ONTAP Tools for VMware vSphere: Large number of ONTAP quotas causes OTV discoveries to fail
Applies to
- ONTAP Tools for VMware vSphere (OTV)
- ONTAP 9
Issue
Large number of quotas in ONTAP causes OTV discovery to timeout.
From OTV's vsc.log, similar errors can be seen:
finished loading : [svms] [2024-04-10T15:40:49,727Z] [Controllercluster1] [ INFO] [192.168.0.36 - cluster1] Updated the task progress to 96% [2024-04-10T15:40:49,733Z] [Controllercluster1] [ INFO] [192.168.0.36 - cluster1] Updated the task progress to 96% [2024-04-10T15:40:49,740Z] [Controllercluster1] [ INFO] [192.168.0.36 - cluster1] Updated the task progress to 100%
[2024-04-10T15:40:49,746Z] [Controllercluster1] [DEBUG] [192.168.0.36 - cluster1] Successfully set the task to success
[2024-04-10T15:40:49,749Z] [Controllercluster1] [ INFO] [192.168.0.36 - cluster1] Updated the task progress to 100%
[2024-04-10T15:40:49,755Z] [Controllercluster1] [DEBUG] [192.168.0.36 - cluster1] Successfully set the task to success
[2024-04-10T15:40:49,756Z] [Controllercluster1] [DEBUG] CachingControllerProxy.create exit.
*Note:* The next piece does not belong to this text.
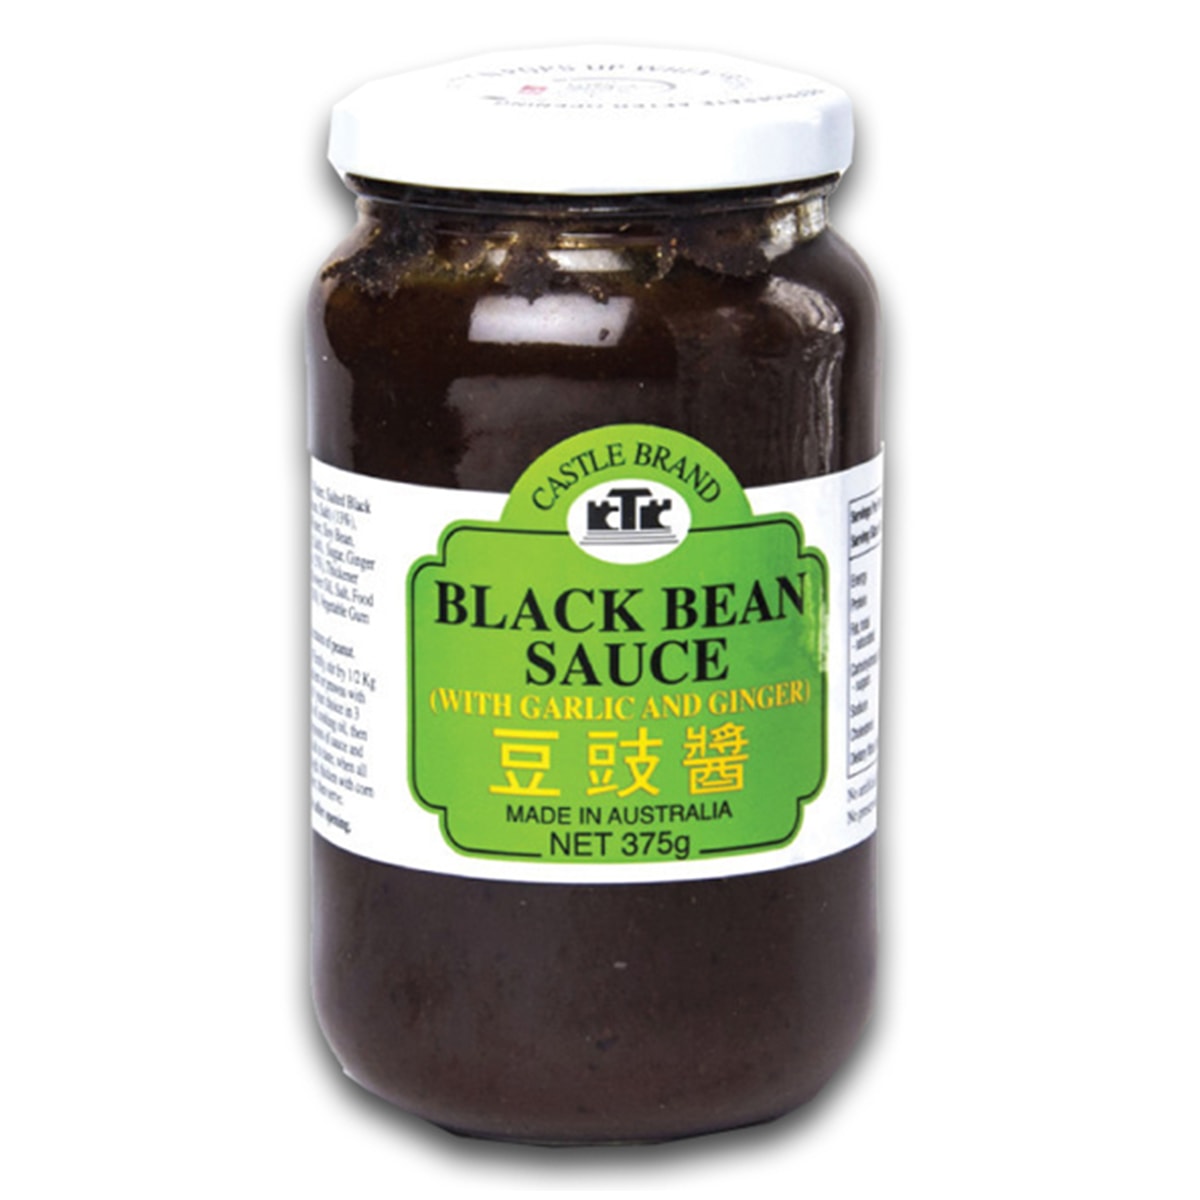 Buy Castle Brand Black Bean Sauce with Garlic and Ginger - 375 gm

[2024-04-10T15:40:49,756Z] [Controllercluster1] [DEBUG] addConnection: add controller end
[2024-04-10T15:40:49,756Z] [Controllercluster1] [ERROR] addConnection: timedout - Lock duration and processing addController went beyond 45000
[2024-04-10T15:40:49,756Z] [Controllercluster1] [ERROR] discoverWithAeonFlux: discovery failed with exception. java.util.concurrent.TimeoutException: Excesive lock duration and processing addController: 190689 at com.netapp.offtap3.factories.ControllerFactory.addConnection(ControllerFactory.java:168) ~[aeonflux.jar:?] at com.netapp.vscv.server.controller.VscControllers.addController(VscControllers.java:490) ~[classes/:?] at com.netapp.vscv.server.controller.VscControllers.discoverController(VscControllers.java:310) ~[classes/:?] at com.netapp.vscv.server.ControllerDiscoverer.discover(ControllerDiscoverer.java:185) [classes/:?] at com.netapp.vscv.server.ControllerDiscoverer.call(ControllerDiscoverer.java:154) [classes/:?] at com.netapp.vscv.server.ControllerDiscoverer.call(ControllerDiscoverer.java:40) [classes/:?] at java.util.concurrent.FutureTask.run(FutureTask.java:264) [?:?] at java.util.concurrent.ThreadPoolExecutor.runWorker(ThreadPoolExecutor.java:1128) [?:?] at java.util.concurrent.ThreadPoolExecutor$Worker.run(ThreadPoolExecutor.java:628) [?:?] at java.lang.Thread.run(Thread.java:835) [?:?] [2024-04-10T15:40:49,757Z] [Controllercluster1] [DEBUG] Discovery finished for controller cluster1 [2024-04-10T15:40:49,761Z] [controllerPersistencePool-1-thread-1] [DEBUG] Did not refresh the following resources on object "AbstractController: id: b8170700-c0a0-11e7-8475-00a098afcdc1name: cluster1_vidsecip address: 192.168.0.36" because they do not appear to be loaded: [svm_peers] [2024-04-10T15:40:49,761Z] [controllerPersistencePool-1-thread-1] [DEBUG] AbstractController: id: b8170700-c0a0-11e7-8475-00a098afcdc1name: cluster1_vidsecip address: 192.168.0.36 is going to start loading: [svm_peers]
Timeout is happening because cluster discovery is taking approximately 2 and half minutes where the default value of timeout (i,e timeout.controller.connection) is 45 secs.